4. Extracting the face of an image: performing face extraction on the RGB picture in the step 3 to obtain a face picture, determining a plurality of face problems in the picture through a face screen ratio (the ratio of the face picture in the whole screen), and considering the face with the largest screen ratio as an effective face in the picture;
5. comparing and fusing RGB pictures: and (4) a local face picture comparison library is built in, the effective face pictures of the RGB pictures in the step (4) are stored in the local face library and are compared with each other, and effective face pictures of two groups of RGB pictures are obtained.

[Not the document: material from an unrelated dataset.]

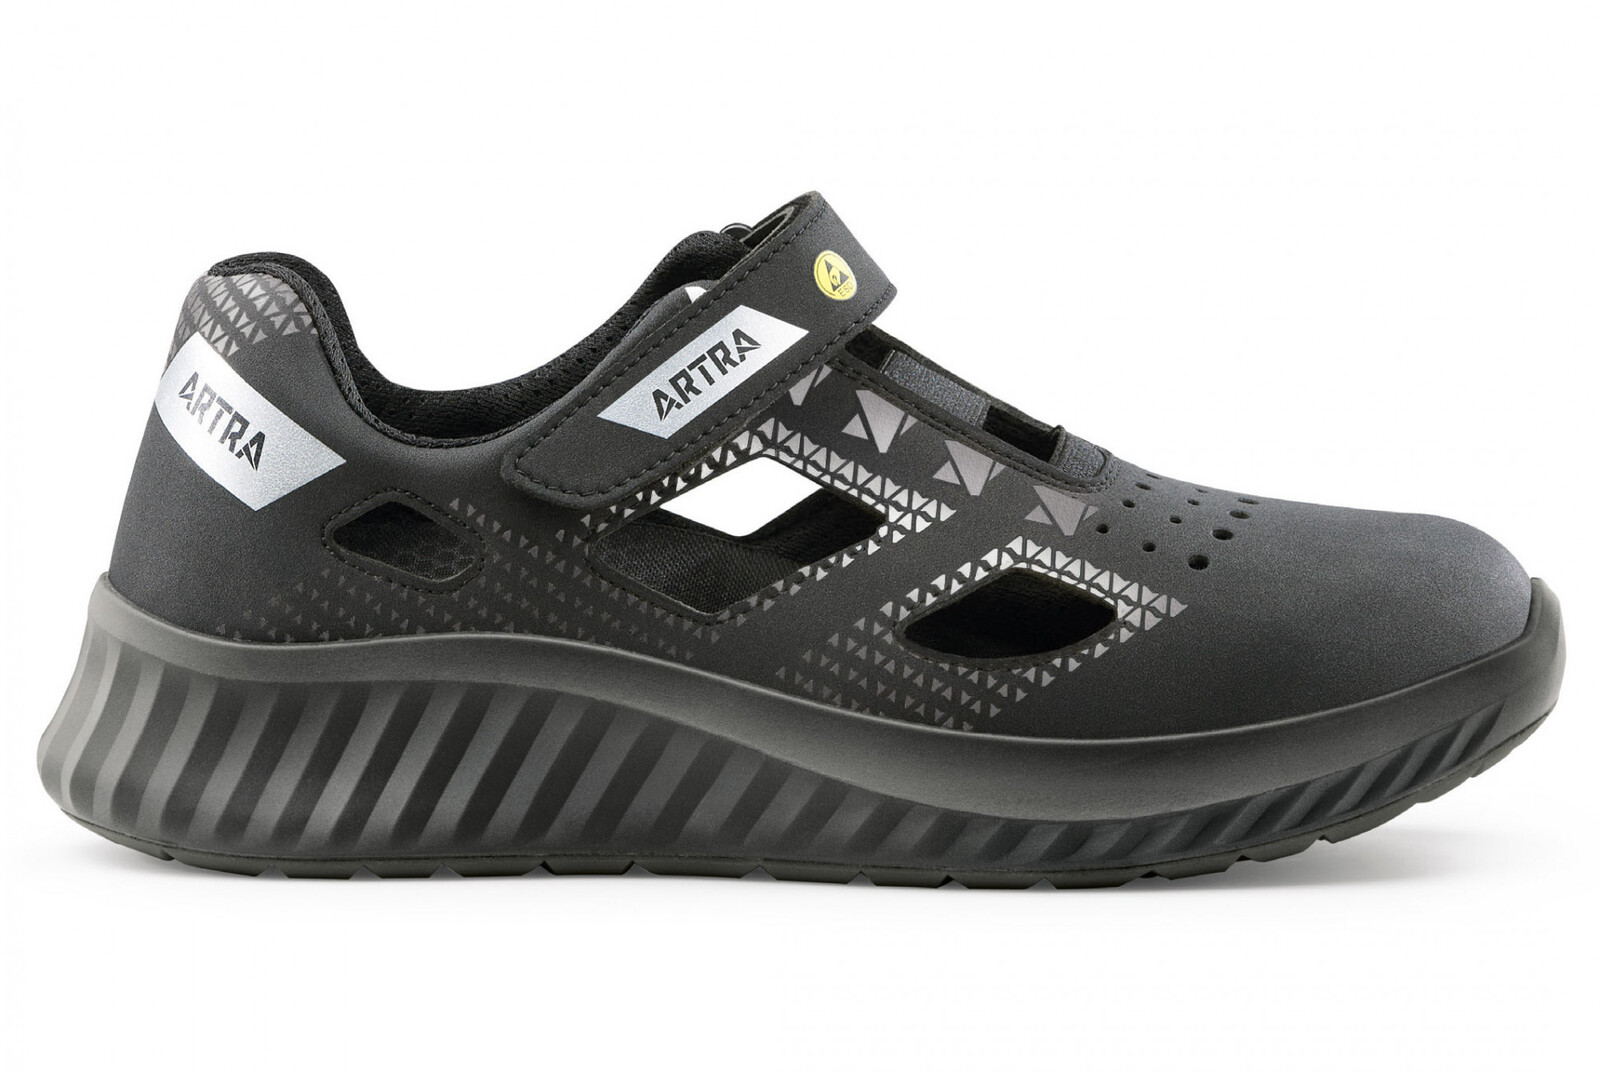 Bezpečnostné sandále Artra Arso 701 616560 S1P SRC ESD - veľkosť: 41, farba: čierna/sivá

6. Detecting and selecting picture quality: and (3) carrying out picture quality comparison on the effective face pictures of the two groups of RGB pictures obtained in the step (5), wherein the quality comparison includes but is not limited to: determining the quality of the group of data according to the various indexes, and taking the optimal quality as a final effective picture;
description of the parameters:
image blur, effective range of parameter values (0.1, 1);
the face pitch angle, the effective range of the parameter value [ -20 degrees, +20 degrees ];
face mask ratio: effective ranges of oral and nasal parameter values (0.9, 1), and effective ranges of ocular parameter values (0.5, 1);
degree of opening and closing of the mouth, effective range of parameter values (0.1, 1).
Parameter relationship: while satisfying the effective range, is considered effective.
7. Comparing the faces of the pictures: and (4) sending the face picture in the step (6) into a background face comparison service, realizing a final comparison result and finishing subsequent service processing.
Example 4
An object of this embodiment is to provide a face fuses comparison device based on many cameras, includes:
a memory;
one or more processors; and
one or more modules stored in the memory and configured to be executed by the one or more processors, the one or more modules comprising:
a memory;
one or more processors; and
one or more modules stored in the memory and configured to be executed by the one or more processors, the one or more modules comprising:
a video data stream acquisition module: the system comprises a data processing module, a data storage module and a data processing module, wherein the data processing module is used for acquiring a plurality of groups of camera video stream data and storing the video stream data in groups according to the ID of the cameras;
the picture extraction module: the system comprises a plurality of groups of RGB pictures corresponding to the plurality of groups of video stream data at the same time T;
a face extraction module: the face image acquisition module is used for extracting faces from each group of RGB images to obtain face images, calculating the screen occupation ratio of the faces in each face image, and setting the face image with the largest screen occupation ratio as an effective face image of each group of RGB images;
the picture screening module: the effective face pictures of the RGB pictures marked as effective data are obtained by the effective face pictures of the RGB pictures of all the groups through a picture screening algorithm;
an uploading module: and the effective face picture of the RGB pictures marked as the effective data is sent to the face comparison server.
The foregoing is only a preferred embodiment of the present invention, and the present invention is not limited thereto in any way, and any simple modification, equivalent replacement and improvement made to the above embodiment within the spirit and principle of the present invention still fall within the protection scope of the present invention.